This is really cool stuff.


In 1947 Superior Oil Company of California (founded in 1921, later Mobil Oil) undertook a rank wildcat in Sublette County, Wyoming, near Pinedale and in the Green River Basin along Pacific Creek; the well took two years to TD.

The wildcat was based on new, two dimensional seismic technology showing a very large, deep seated anticline.


The Pacific Creek Deep Unit Test No 1. was drilled to a vertical depth of 20,251 feet (Rocky Mountain record) after setting 7 inch casing, its fourth string of protective casing, to 19,267 feet. That string weighed 297 tons and set a record never before achieved for hook load capacity in North America.

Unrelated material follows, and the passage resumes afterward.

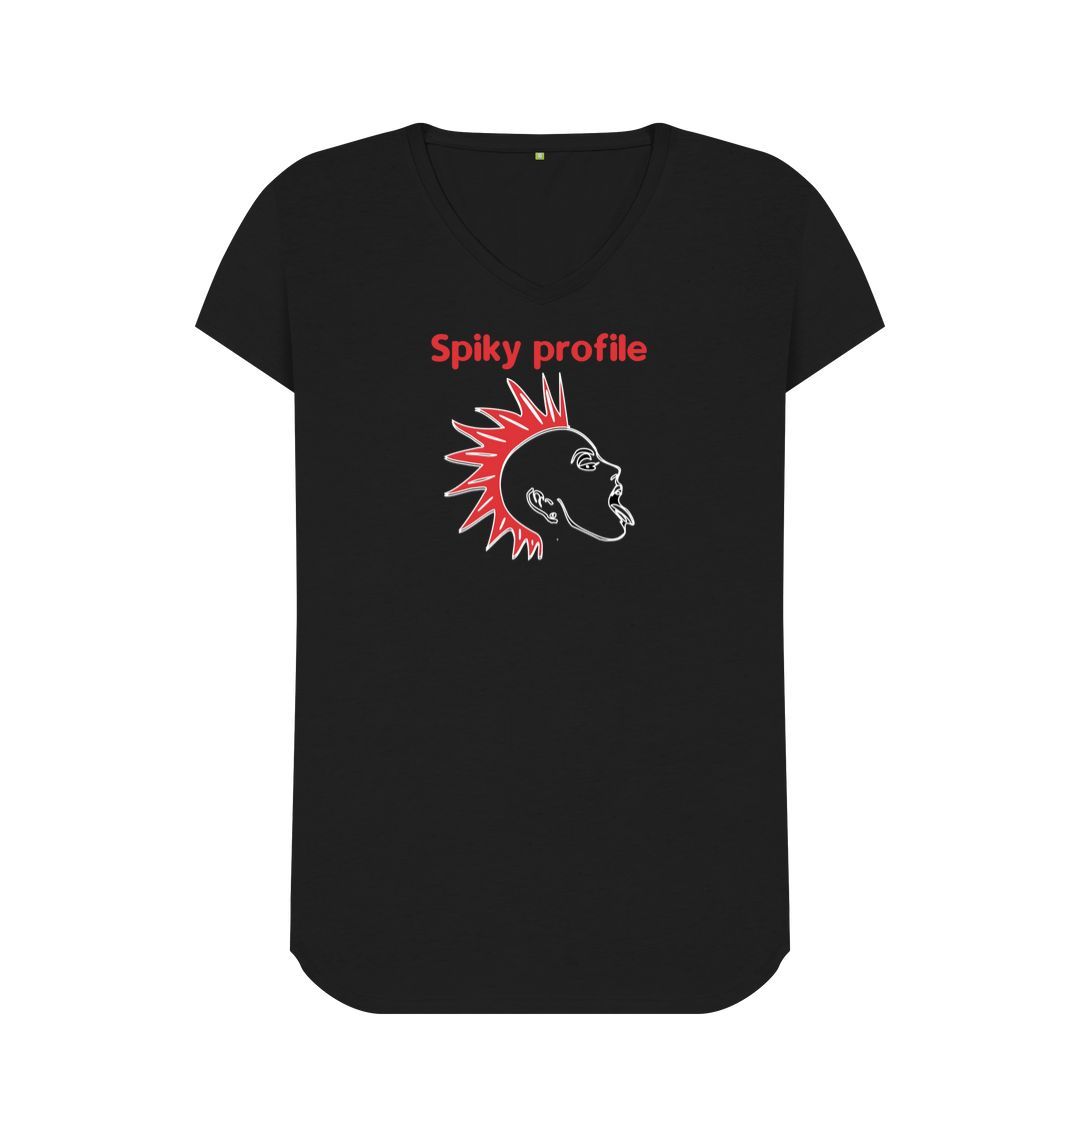 Black Spiky profile womens fit V-neck T-shirt
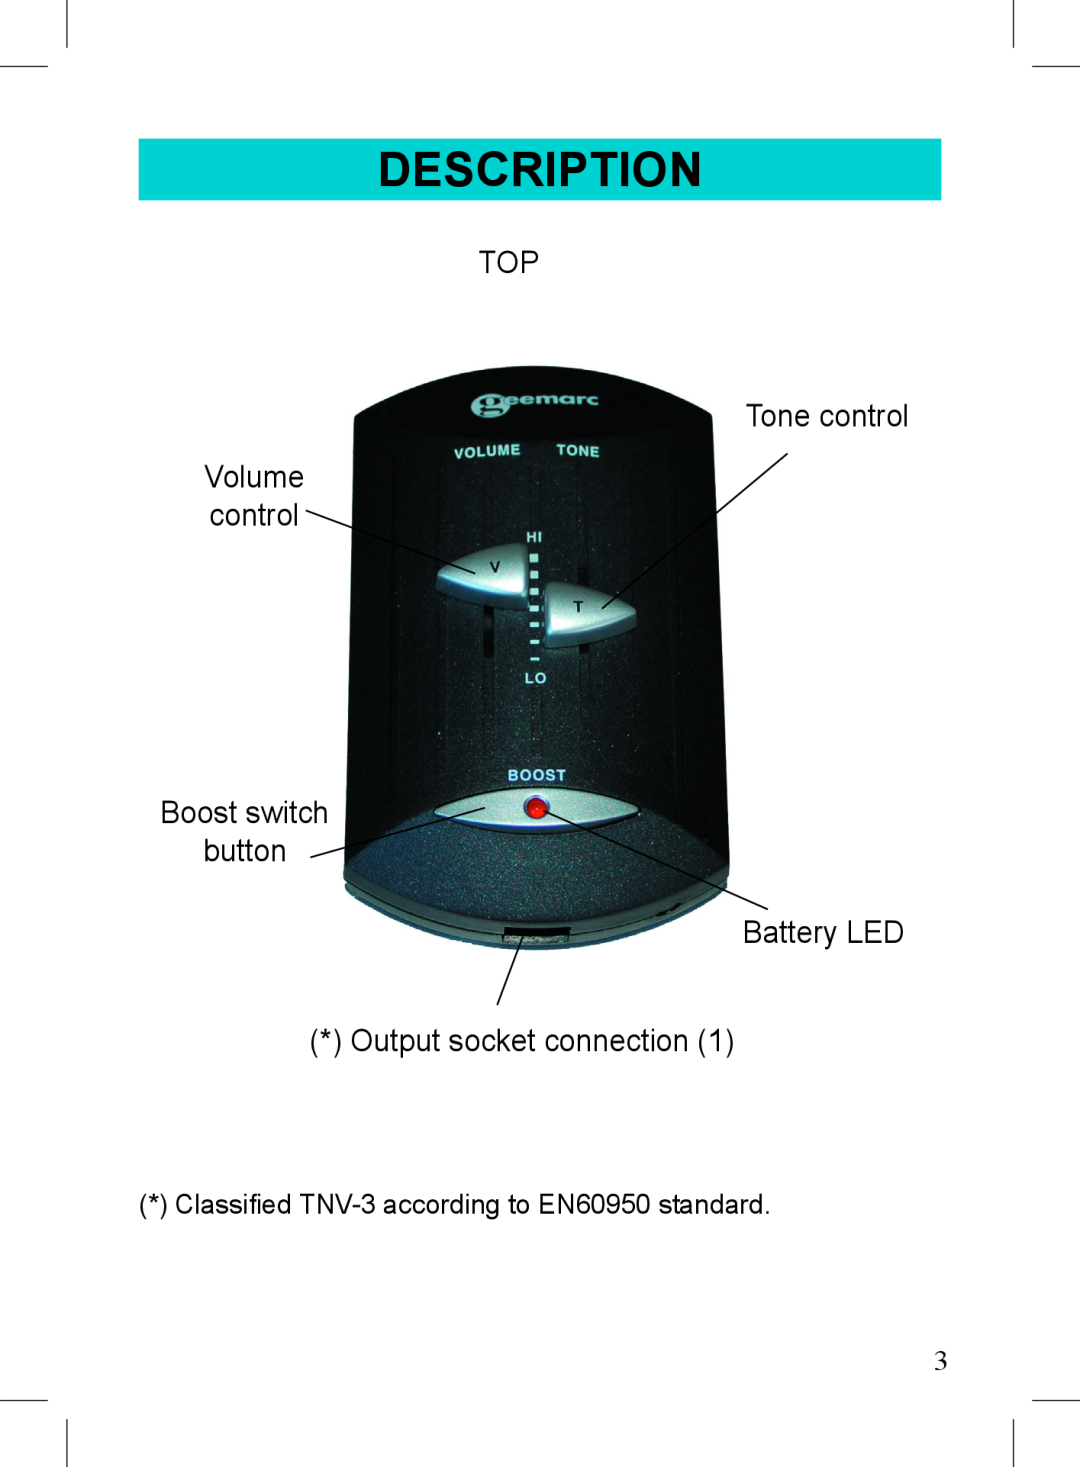 Geemarc P-AMP40 Description, TOP Tone control Volume control Boost switch, button Battery LED Output socket connection

The well was logged by Schlumberger 10 different times. A total of 19 different drill stem tests were run and the well was perforated 10 times and swab tested before being plugged and abandoned on August 18, 1949. The last DST run below the 7 inch shoe to total depth in the Frontier Formation showed BHP to be 13,350 PSI and had bottom hole temperatures of 325 degrees F.

The well was drilled in two stages; the first rig, owned and operated by Dyer and Rice Drilling Co. drilled to 9,881 feet vertical depth to test the Mesaverde Formation sequence and the well was then temporary abandoned.

Stage 2 of the well was drilled by a Superior owned rig with Ideal components and, at the time, was the biggest land rig in North America.

This Superior rig had, at the time, the biggest mud circulating system in the world with 3 power plants generating almost 2000 HP. 150 foot high, standard derrick, below, that supposedly had hook load capacity of nearly 800,000 pounds.

Superior Oil, Pacific Creek Deep Unit No. 1; 1947. All black and white photos by John Collier (1913-1992) and part of the Standard Oil of New Jersey Collection

In 1978 Rainbow Resources drilled a 23,081 foot dry hole on the same Pacific Creek anticline, in the same Superior Pacific Creek Deep Unit, to test the Madison Formation and it too was a dry hole.

The Green River Basin contains the great Jonah Field on the Pinedale Anticline that is the largest gas field in all of Wyoming and at one time was the sixth largest in the United States. There are, or were, before the shale oil and gas industries ruined gas prices, a number of horizontal wells being drilled in the Pinedale area just a few years ago.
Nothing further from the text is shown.